→ **WORK REQUIRED**
Return, without pictures, the lines from the start of the data through the one that contains "琴と刀の【シャキーン!】和風ロゴ 12の再生済みの波形".
BEGIN SOURCE DATA
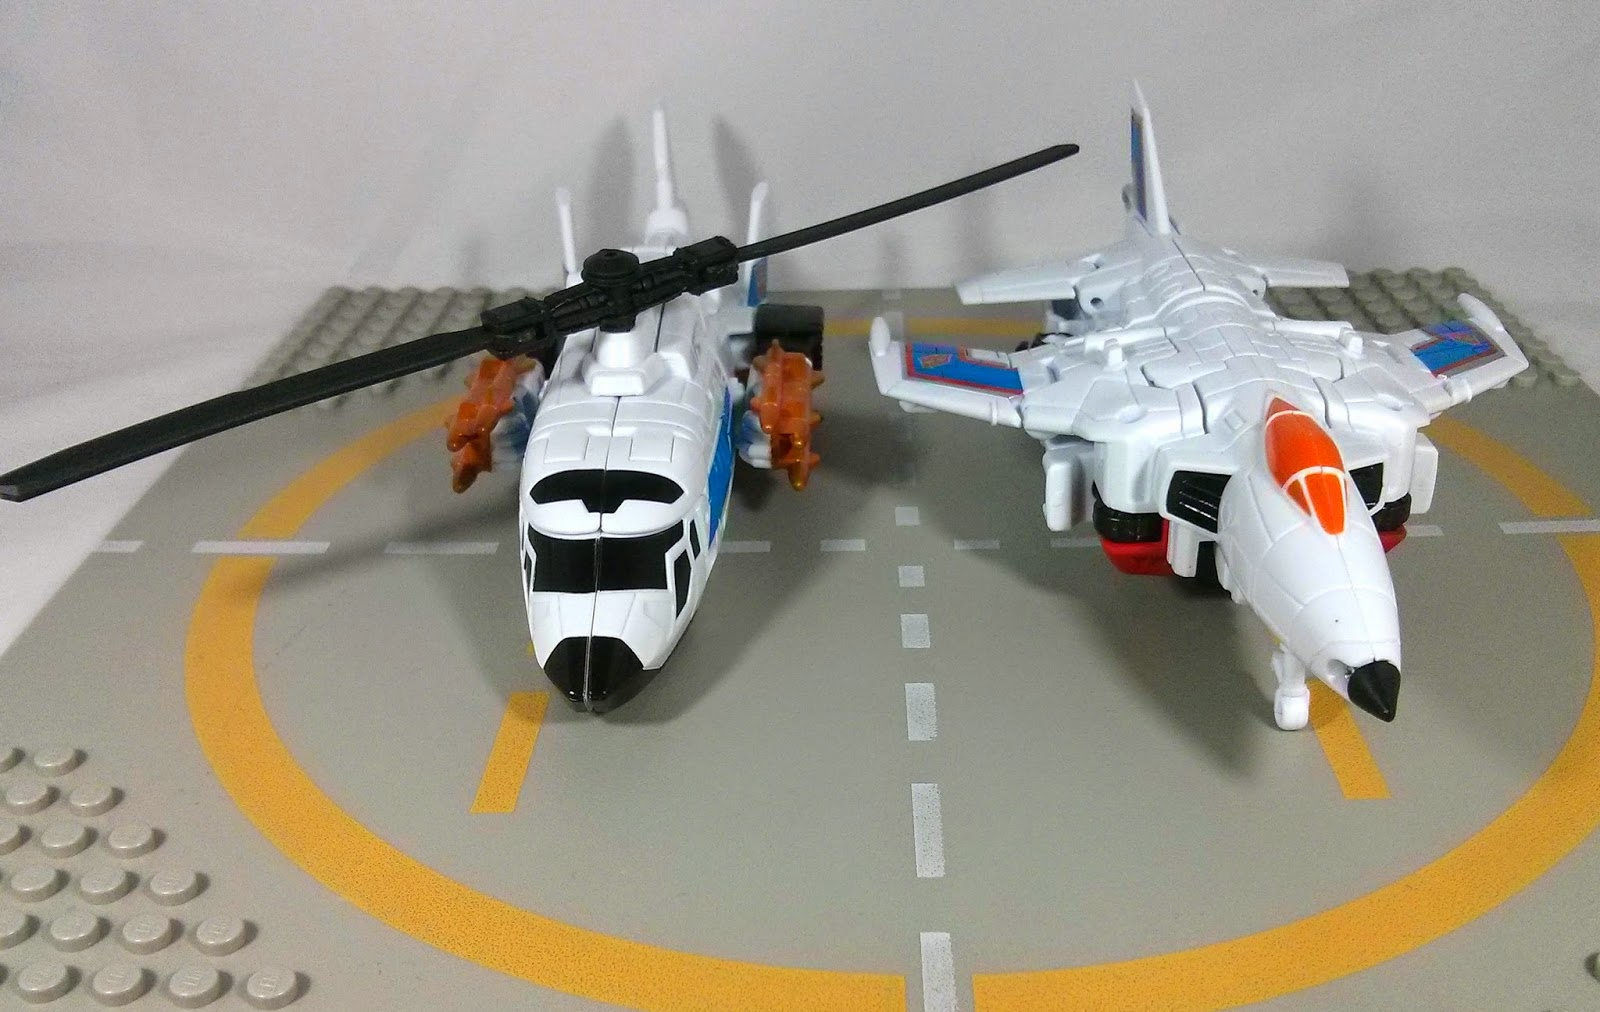 combiner wars slingshot jet
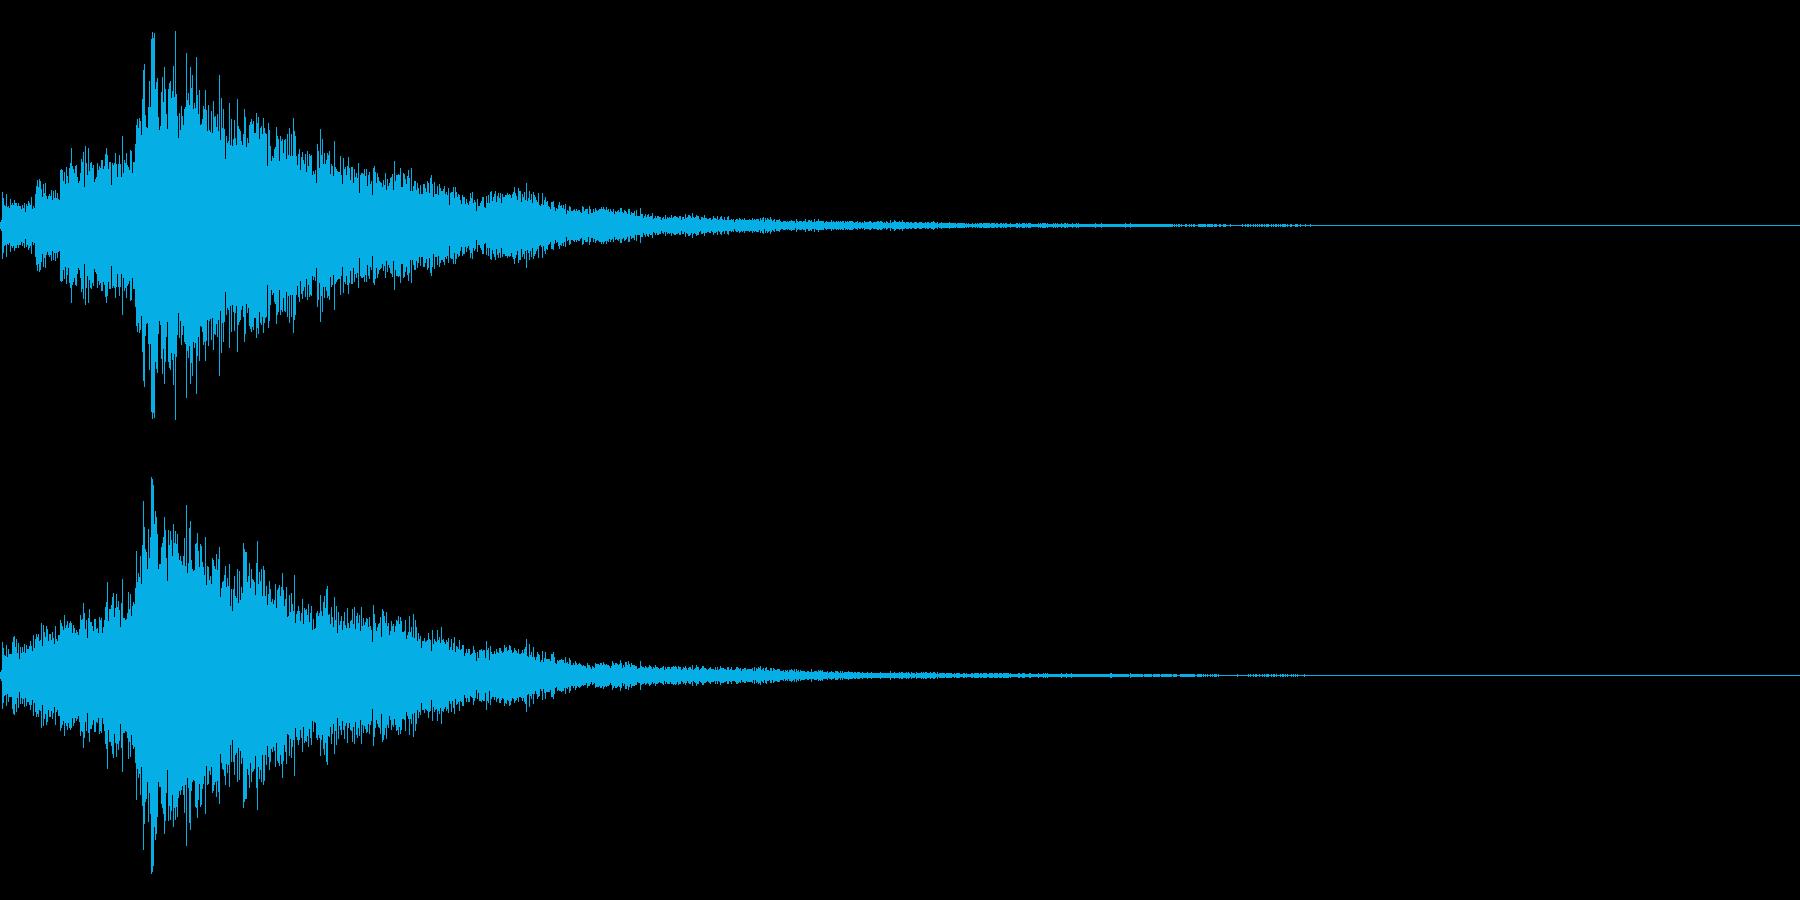 琴と刀の【シャキーン!】和風ロゴ 12の再生済みの波形
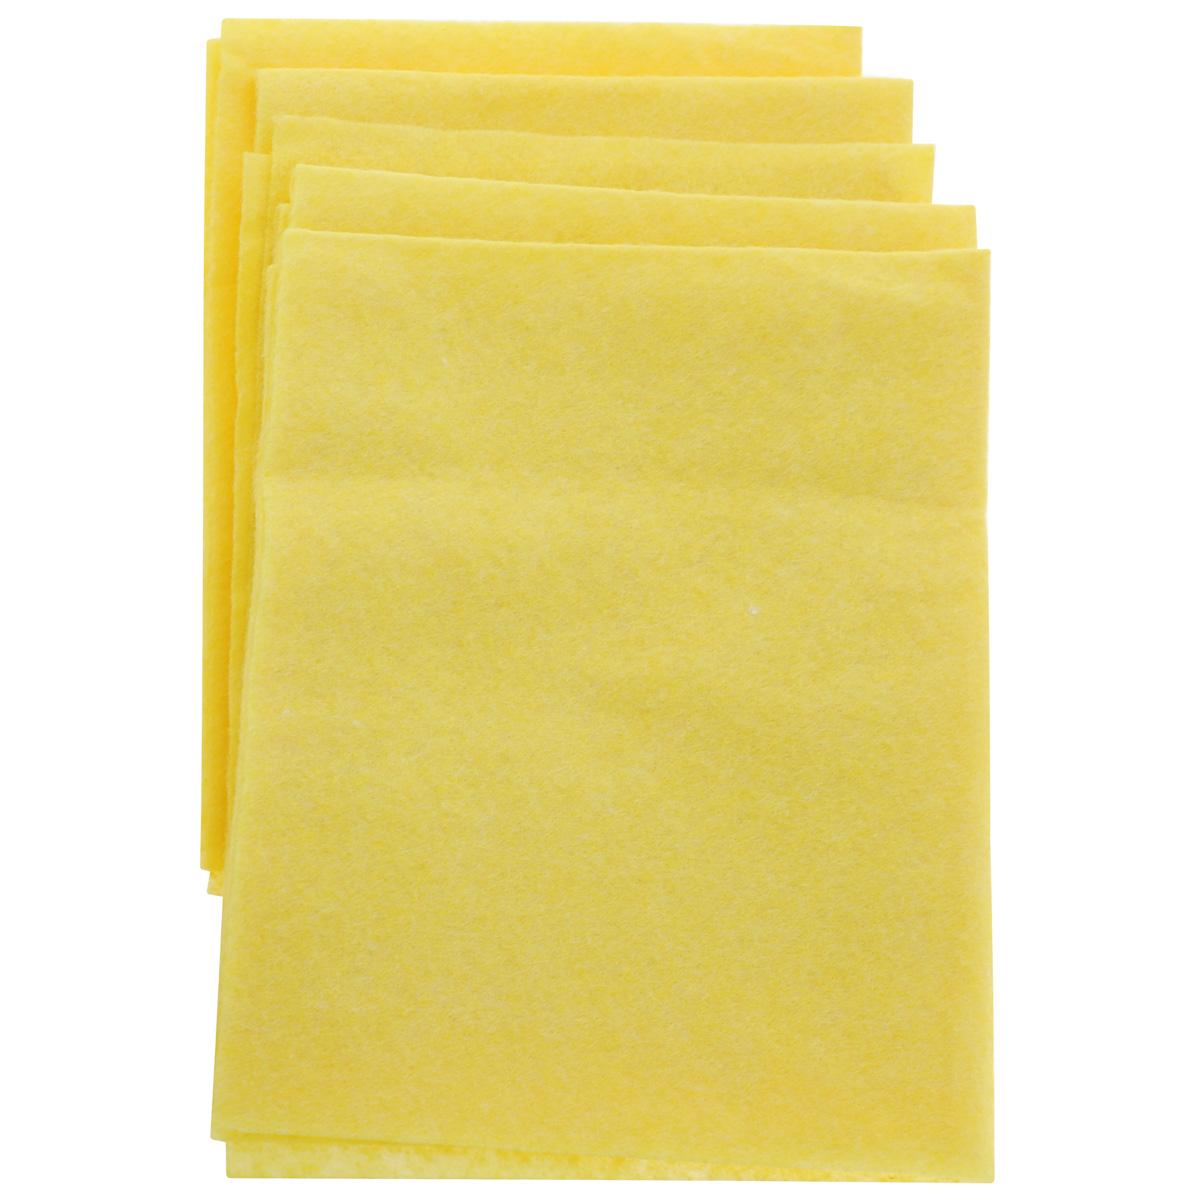 Салфетка для уборки Home Queen, цвет: желтый, 30 х 38 см, 5 шт57118Салфетка Home Queen, изготовленная из вискозы и полиэстера, предназначена для очищения загрязнений на любых поверхностях. Изделие обладает высокой износоустойчивостью и рассчитано на многократное использование, легко моется в теплой воде с мягкими чистящими средствами. Супервпитывающая салфетка не оставляет разводов и ворсинок, удаляет большинство жирных и маслянистых загрязнений без использования химических средств. Размер салфетки: 30 см х 38 см.Комплектация: 5 шт.
END SOURCE DATA
→ **EXERCISE SOLUTION**
 combiner wars slingshot jet
 琴と刀の【シャキーン!】和風ロゴ 12の再生済みの波形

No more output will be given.